# [Video] Easy F2L Cases



## tpt8899 (Aug 4, 2014)

Hey guys, Here are a few easy F2L cases that I think all CFOP users should be at least aware of - even intuitive F2L users (like myself).

[youtubehd]E8TkTF1CzVg[/youtubehd]

Also, tell me what you guys think of it!


----------



## TDM (Aug 4, 2014)

First case: I prefer (U R U' R')3, or even better (for me, at least) [U2] R2 U2 R2 U' R2 U' R2.


----------



## tpt8899 (Aug 4, 2014)

Oh yea that is right. I like (R U R' U') better because the pair is supposed to be inserted a slot to the left, you can skip the last U' in the algorithm. I really like the [U2] R2 U2 R2 U' R2 U' R2 Alg though. Time to update the description of the video... lol


----------



## goodatthis (Aug 5, 2014)

TDM said:


> First case: I prefer (U R U' R')3, or even better (for me, at least) [U2] R2 U2 R2 U' R2 U' R2.

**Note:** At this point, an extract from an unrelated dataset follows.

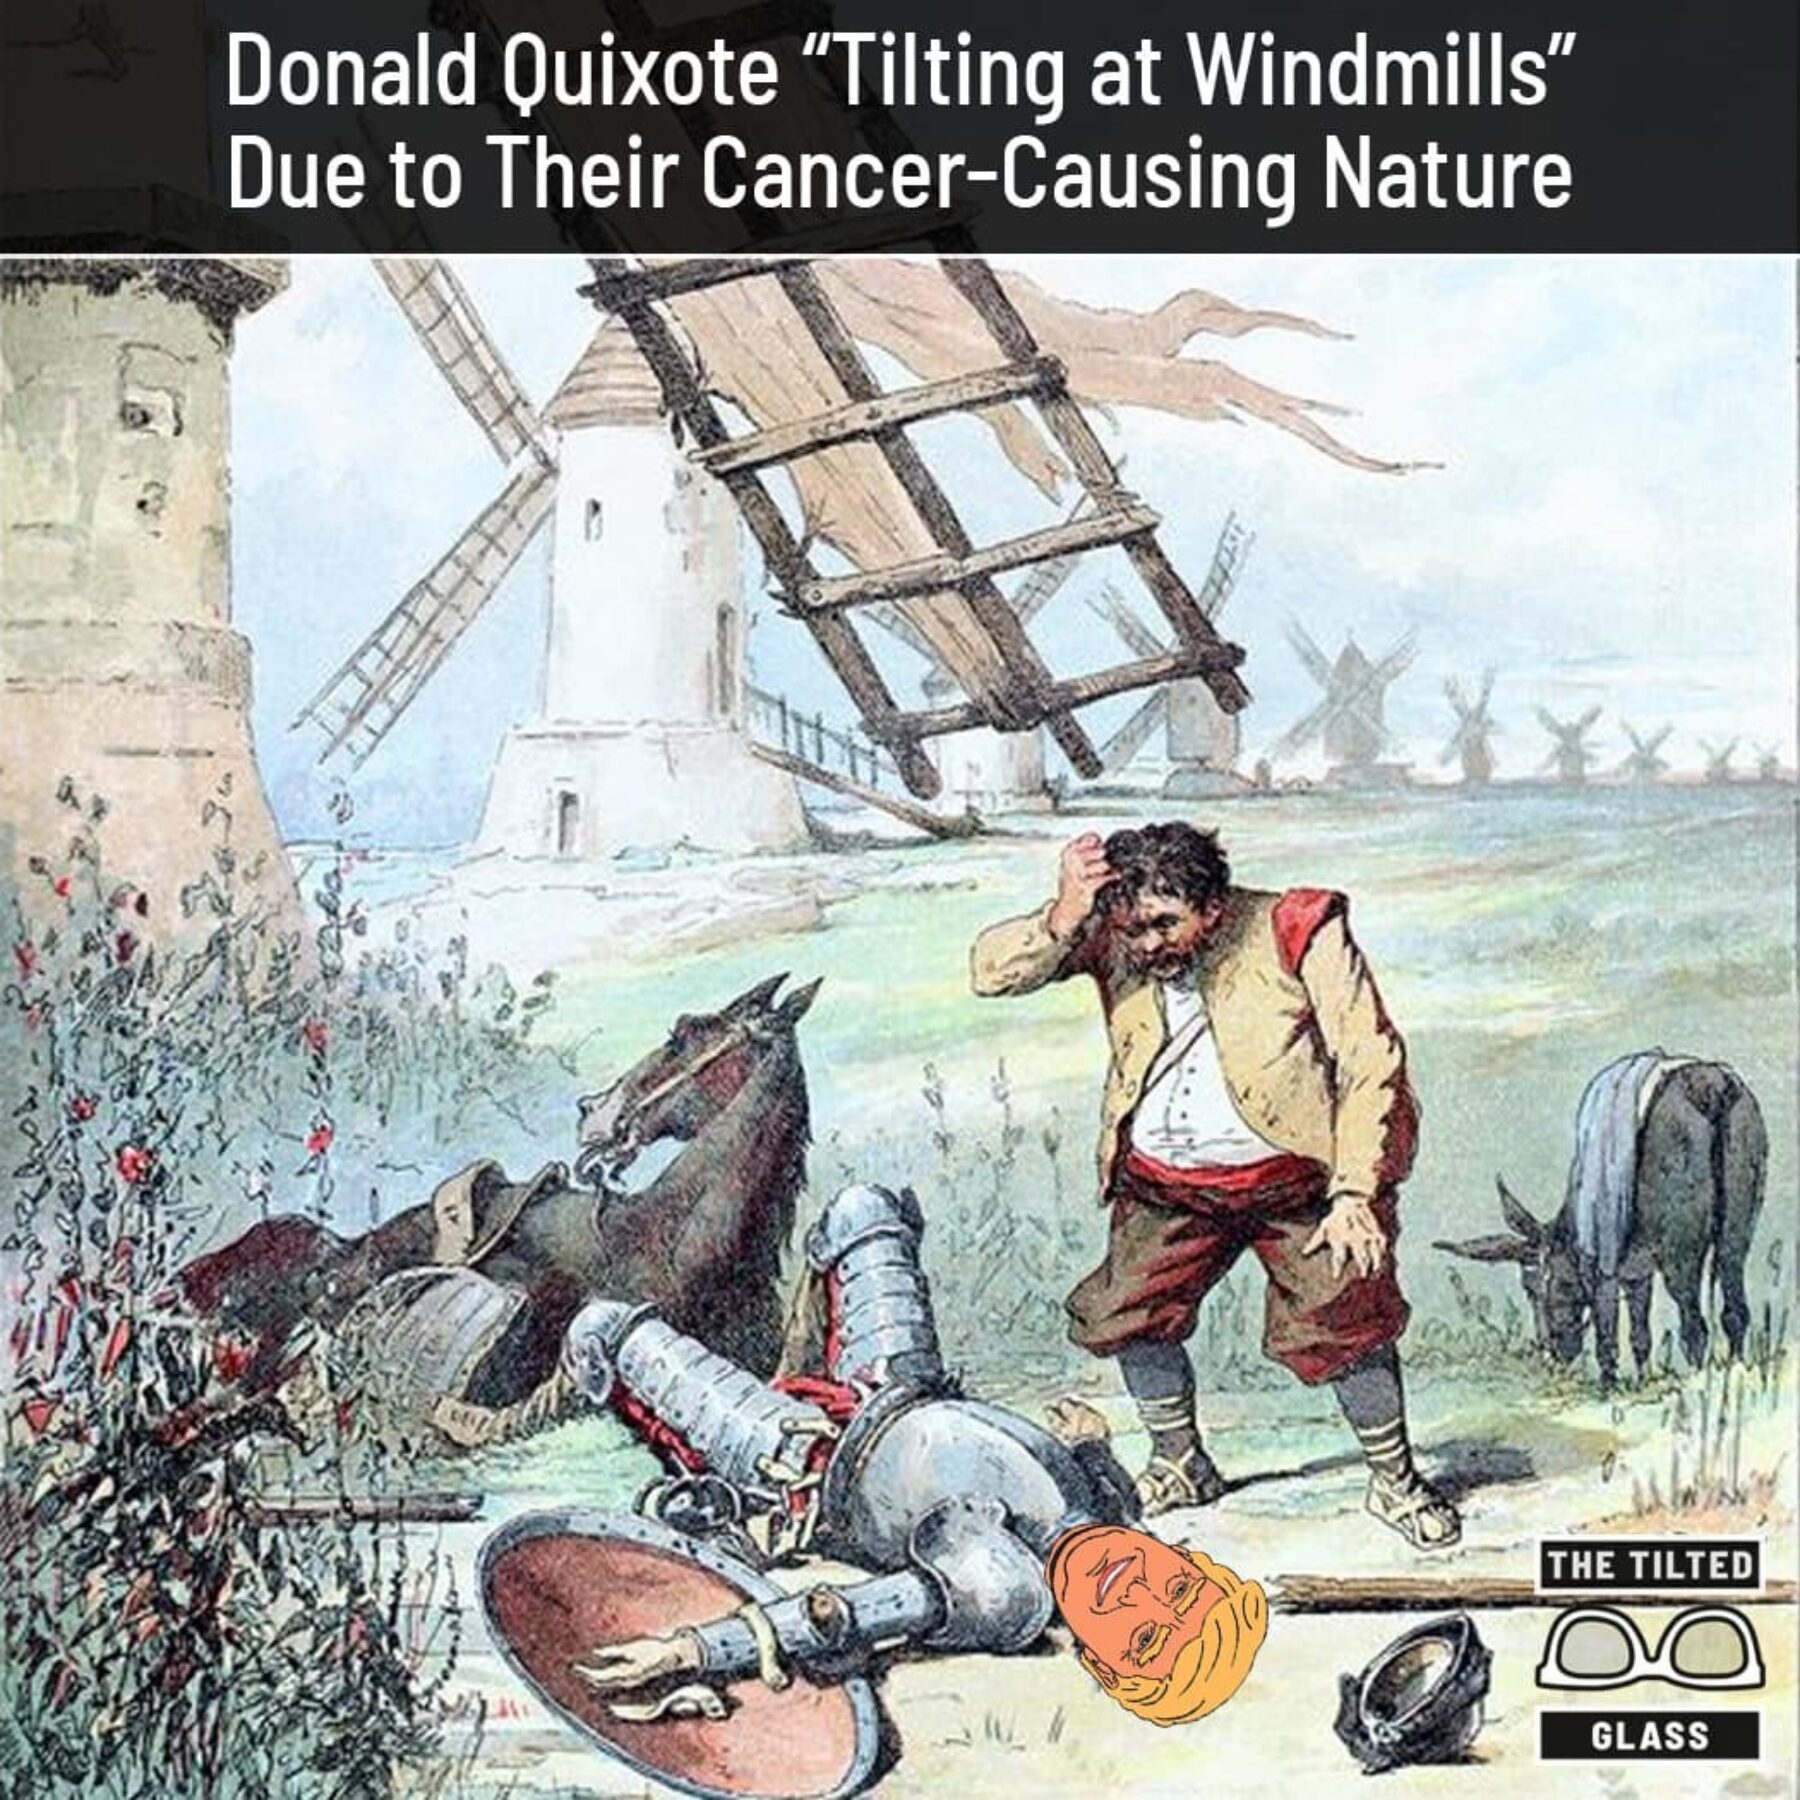 Donald Quixote “Tilting at Windmills” Due to Their Cancer-Causing Nature

Yes, sexy inverse is much better, I can get 18ish TPS on that and 14ish on sexy x6


----------



## TDM (Aug 5, 2014)

goodatthis said:


> Yes, sexy inverse is much better, I can get 18ish TPS on that and 14ish on sexy x6


And you can change how you insert it if it's the last slot to influence LL, something else I forgot to mention.


----------



## guysensei1 (Aug 5, 2014)

TDM said:


> And you can change how you insert it if it's the last slot to influence LL, something else I forgot to mention.



Inverse sexy can be sledgehammered or VHLS or WVed, but not regular sexy.


----------



## tpt8899 (Aug 5, 2014)

That is true. Never thought of that.


----------